TRENTON, N.J. (AP) - New Jersey Gov. Jon Corzine says he will not block a toll hike for four Philadelphia-area bridges. Corzine has veto power over decisions by the Delaware River Port
Authority, but says he won't exercise it in this case. The toll hikes will go into effect Sept. 14 for the Betsy Ross, Ben Franklin, Walt Whitman and Commodore Barry bridges. Drivers will pay $4, up from $3. The tolls will go to $5 in two years. Fares on the agency's PATCO Speedline commuter trains will also go up by 10 percent on Sept. 14 and again in 2010. Corzine said that without the increase the DRPA would not be able to make important improvements such as the redecking the Walt Whitman Bridge.

DENVER (AP) - With a stirring speech that doubled as a blistering attack on Republican policies, Barack Obama has accepted the Democratic nomination for president. Obama vows to scrap
President Bush's economic policy and replace it with one that'll help hard-pressed families.

DENVER (AP) - John McCain is expected to unveil his vice presidential choice at a rally in Ohio today. The top choices are thought to be Mitt Romney and Minnesota Governor Tim Pawlenty.

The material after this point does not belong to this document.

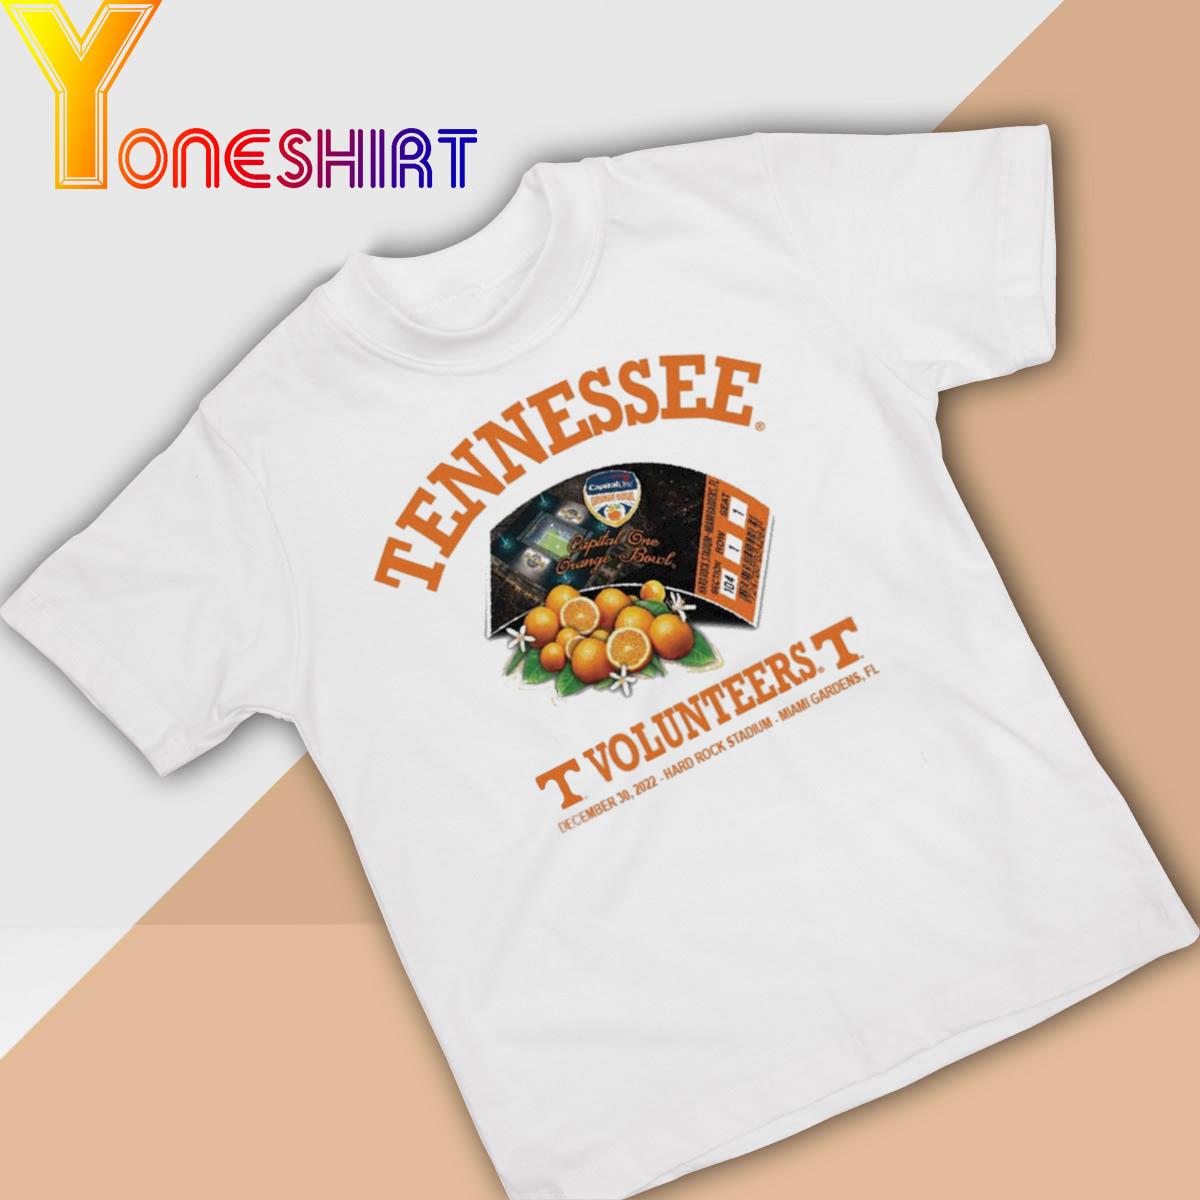 Tennessee Volunteers Hard Rock Stadium 2022 shirt
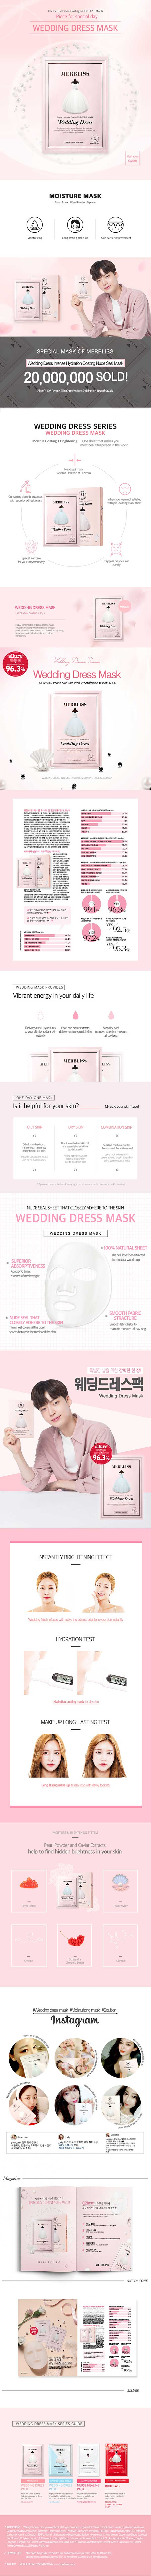 Bolehshop - Merbliss Wedding Dress Mask Intense Hydration Coating Nude Seal Mask Sheet

KINGSTON, Jamaica (AP) - Tropical Storm Gustav is expected to become a hurricane later today, as it spins away from Jamaica and back out into open water. So far the storm has killed 67 people in Haiti and the Dominican Republic.

KABUL, Afghanistan (AP) - U.S.-led coalition forces say they've killed a dozen militants after a gunbattle in Afghanistan. Coalition forces were looking for a militant responsible for moving
foreign fighters from Pakistan into Afghanistan when they were fired on.

SYDNEY, Australia (AP) - The Sydney Symphony Orchestra says it faked its performance in the 2000 Summer Olympics opening ceremonies. Officials say it was entirely prerecorded. And even then, it wasn't all them. The Melbourne Symphony Orchestra recorded parts of the performance.